Pro-Democrat commentators hailed the published details, saying that Democrats have “real control” over the direction of the investigation, which will focus on the “terror attack on US democracy.”

House Speaker Nancy Pelosi (D-California) hopes to have the commission bill up for a floor vote “as soon as next week,” she said on Friday.

“It is imperative that we seek the truth of what happened on January 6 with an independent, bipartisan 9/11-type Commission to examine and report upon the facts, causes and security relating to the terrorist mob attack,” Pelosi said at a press conference.

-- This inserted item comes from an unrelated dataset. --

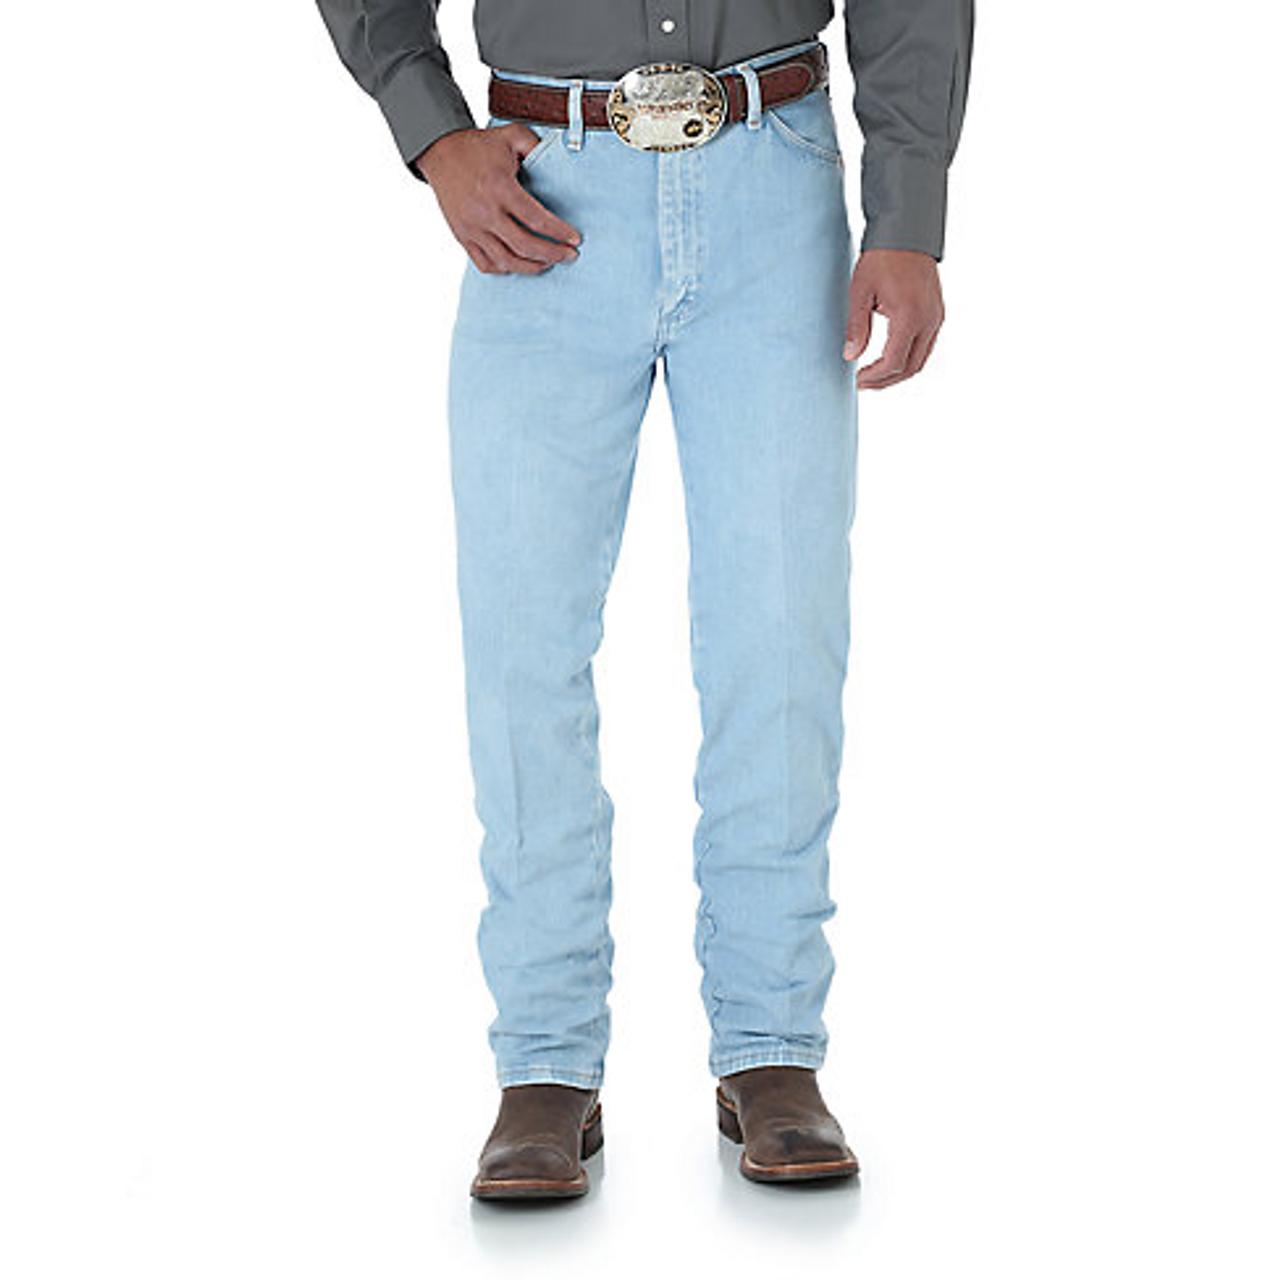 jeans wrangler cowboy cut

Democrats reportedly hope to pass both that and an emergency funding bill before Congress adjourns for Memorial Day recess at the end of May. The $1.9 billion proposal prepared by House Appropriations Democrats would foot the bill for deploying National Guard troops at the Capitol since January, give tens of millions of dollars to Capitol Police, and fund “future security needs” including retractable fencing. However, some Democrats have balked at giving so much money to police without additional oversight.

The Democrats’ rush to launch the January 6 commission comes as Republicans have begun pushing back on their narrative of the riot being an “insurrection” supposedly incited by Trump. Katko is one of the ten Republicans in the House, led by Liz Cheney (R-Wyoming), who voted to impeach Trump in January. 

On Wednesday, Republicans ousted Cheney from her role as Conference chair, replacing her with New York Republican Elise Stefanik. Meanwhile, Rep. Louie Gohmert (R-Texas) challenged the Democrats’ characterization of the January 6 events, arguing there is “no evidence this was an armed insurrection” and that there have been worse things in US history – and that of the Capitol – than people “without any firearms coming into a building.”

As both chambers of Congress met on January 6 to certify the 2020 Electoral College vote – according to which Democrat Joe Biden would become president – Trump held a rally outside the White House, arguing there were irregularities that courts and state officials refused to address. Before he finished speaking, a group of demonstrators breached the fence around the Capitol, and later forced entry into the building, disrupting the session just as both chambers began considering objections by Republican lawmakers. 

While media reports claimed five people were killed in the commotion, the only actual homicide was the death of Ashli Babbitt, an Air Force veteran and Trump supporter fatally shot by an unidentified security officer. Three other protesters died of unrelated medical emergencies during the riot. Capitol Police officer Brian Sicknick –  initially reported to have died of injuries inflicted by “insurrectionists” – died of a double stroke, the medical examiner admitted three months later.

Most of the 400 or so people arrested in connection with the riot have been charged with trespassing or interfering with government operations. Democrats and corporate media have continued to insist the riot was an “insurrection” directly incited by Trump, with Biden claiming in his joint address to Congress at the end of April that it was “the worst attack on our democracy since the Civil War.”